How to reduce amount of ram used by pandas-CodePudding

I have a Raspberry Pi 3B with 1Gb ram in which I am running a telegram bot. This bot uses a database I store in csv format, which contains about 100k rows and four columns:

First two are for searching
Third is a result

those use about 20-30MB ram, this is assumable.

The last column is really a problem, it shoots up the ram usage to 180MB, impossible to manage for RPi, this column is also for searching, but I only need it sometimes.

I started only loading the df with read_csv at start of script and let the script polling, but when the db grows, I realized that this is too much for RPi.

What do you think is the best way to do this? Thanks!

CodePudding user response：

Setting the dtype according to the data can reduce memory usage a lot.

With read_csv you can directly set the dtype for each column:

dtypeType name or dict of column -> type, optional
Data type for data or columns. E.g. {‘a’: np.float64, ‘b’: np.int32, ‘c’: ‘Int64’} 
Use str or object together with suitable
na_values settings to preserve and not interpret dtype. If converters are specified, they will be applied INSTEAD of dtype conversion.

Example:

df = pd.read_csv(my_csv, dtype={0:'int8',1:'float32',2:'category'}, header=None)

See the next section on some dtype examples (with an existing df).

To change that on an existing dataframe you can use astype on the respective column.

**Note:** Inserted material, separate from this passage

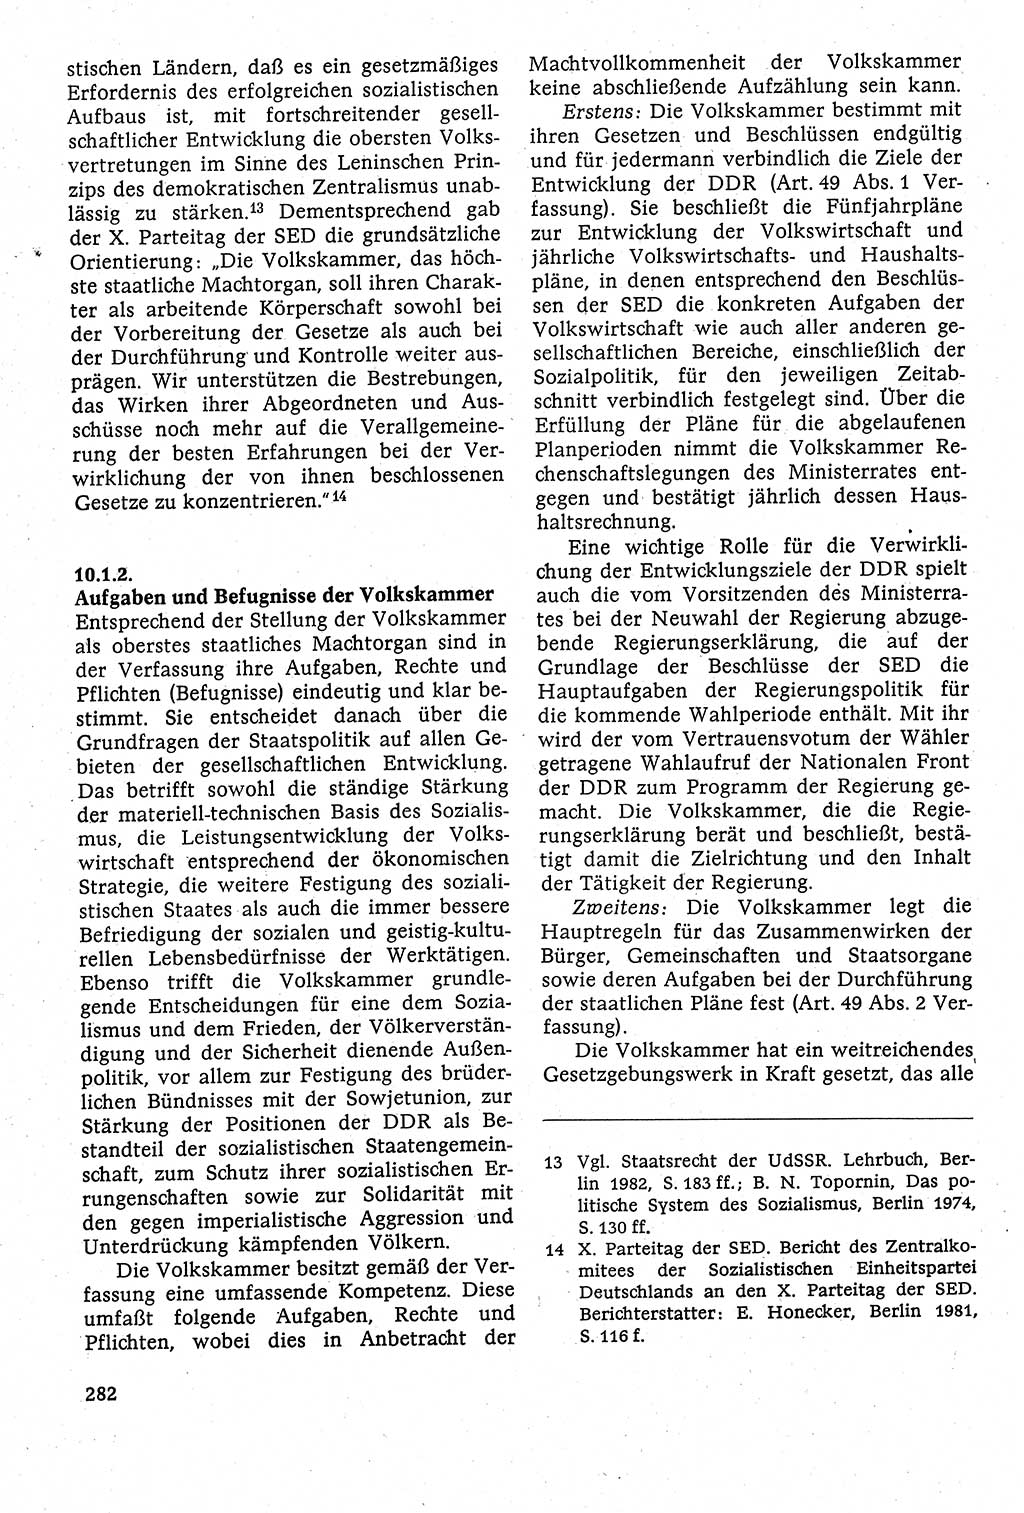 Staatsrecht der DDR [Deutsche Demokratische Republik (DDR)], Lehrbuch 1984, Seite 282 (St.-R. DDR Lb. 1984, S. 282)

Use df.info() to check the df memory usage before and after the change.

Some examples:

# Columns with integer values
#   check first if min & max of that column is in the respective int range to not loose info
df['column_with_integers'] = df['column_with_integers'].astype('int8')

# Columns with float values
#  mind potential calculation precision = don't go too low
df['column_with_floats'] = df['column_with_floats'].astype('float32')

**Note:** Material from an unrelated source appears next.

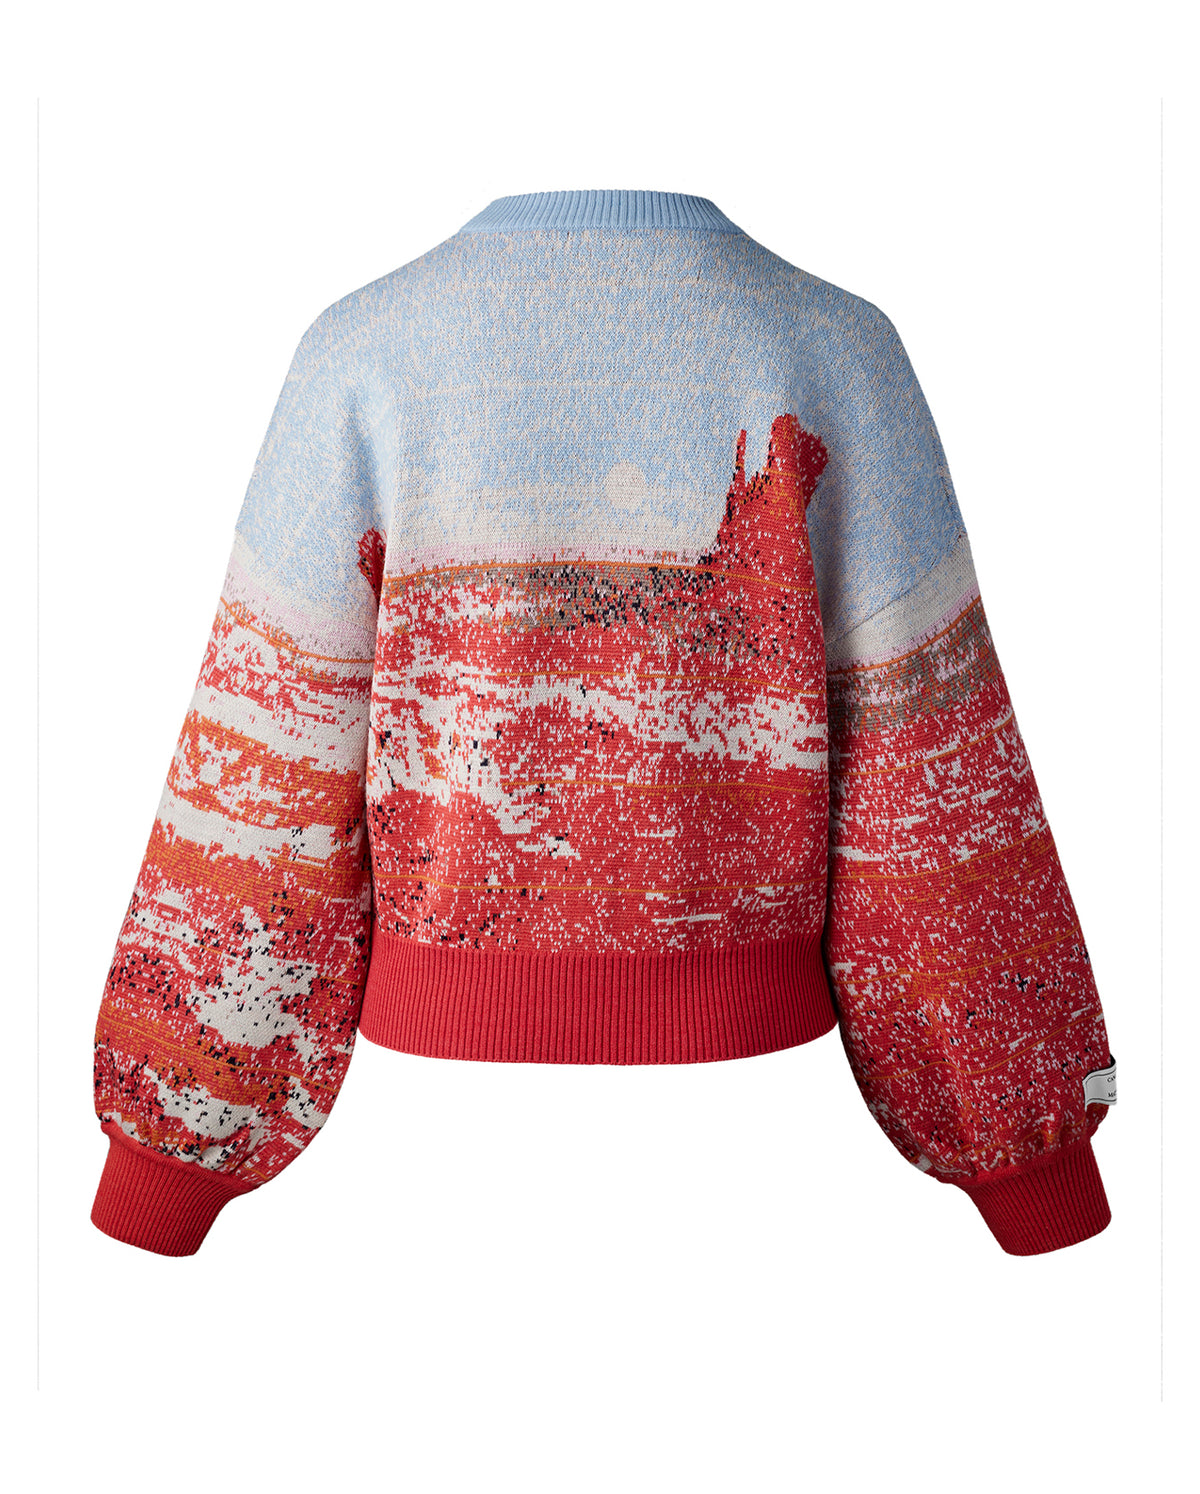 Landscape Wool Knit Sweater

# Columns with categorical values (strings)
#   e.g. when the rows have repeatingly the same strings 
#      like 'TeamRed', 'TeamBlue', 'TeamYellow' spread over 10k rows  
df['Team_Name'] = df['Team_Name'].astype('category')

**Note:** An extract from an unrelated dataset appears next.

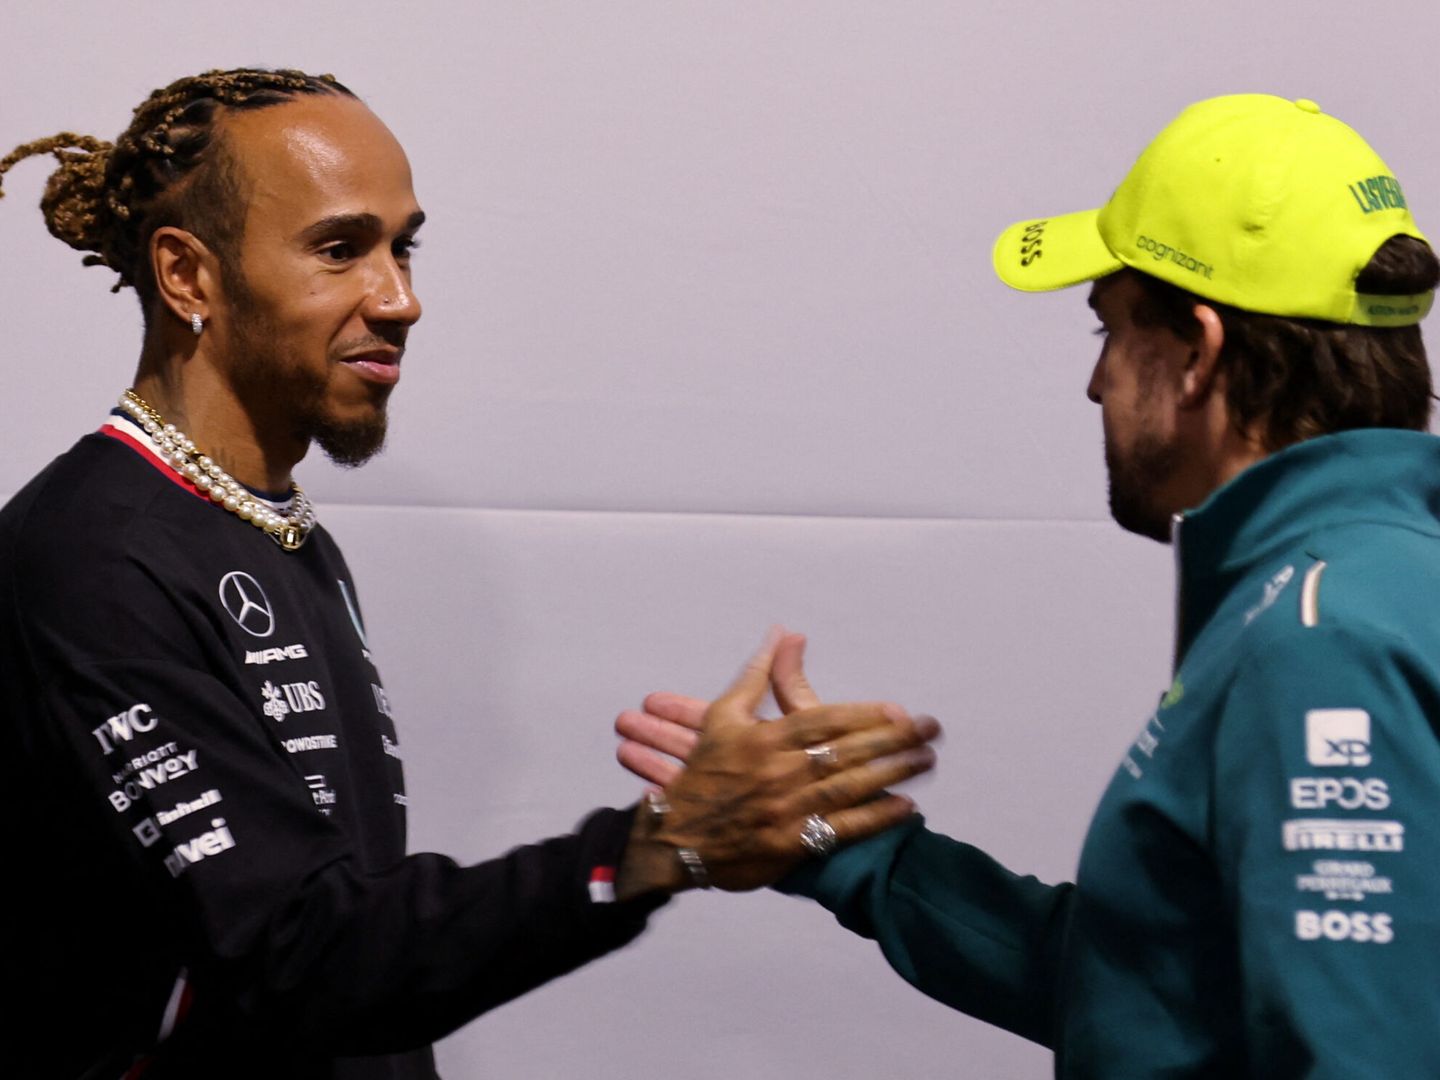 El carisma y la dimensión de Alonso serían idóneos para suplir la figura de Hamilton. (Reuters)

# Cange boolean like string columns to actual boolean
df['Yes_or_No'] = df['Yes_or_No'].map({'yes':True, 'no':False})

Kudos to Medallion Data Science with his Youtube Video Efficient Pandas Dataframes in Python - Make your code run fast with these tricks! where I learned those tips.

Kudos to Robert Haas for the additional link in the comments to Pandas Scaling to large datasets - Use efficient datatypes

CodePudding user response：

Not sure if this is a good idea in this case but it might be worth trying.

The Dask package was designed to allow Pandas-like data analysis on dataframes that are too big to fit in memory (RAM) (as well as other things). It does this by only loading chunks of the complete dataframe into memory at a time.

However, not sure it was designed for machines like the Raspberry Pi (not even sure there is a distribution for it).

The good thing is Dask will slide seamlessly into your Pandas script so it might not be too much effort to try it out.

Here is a simple example I made before:

dask-examples.ipynb

If you try it let me know if it works, I'm also interested.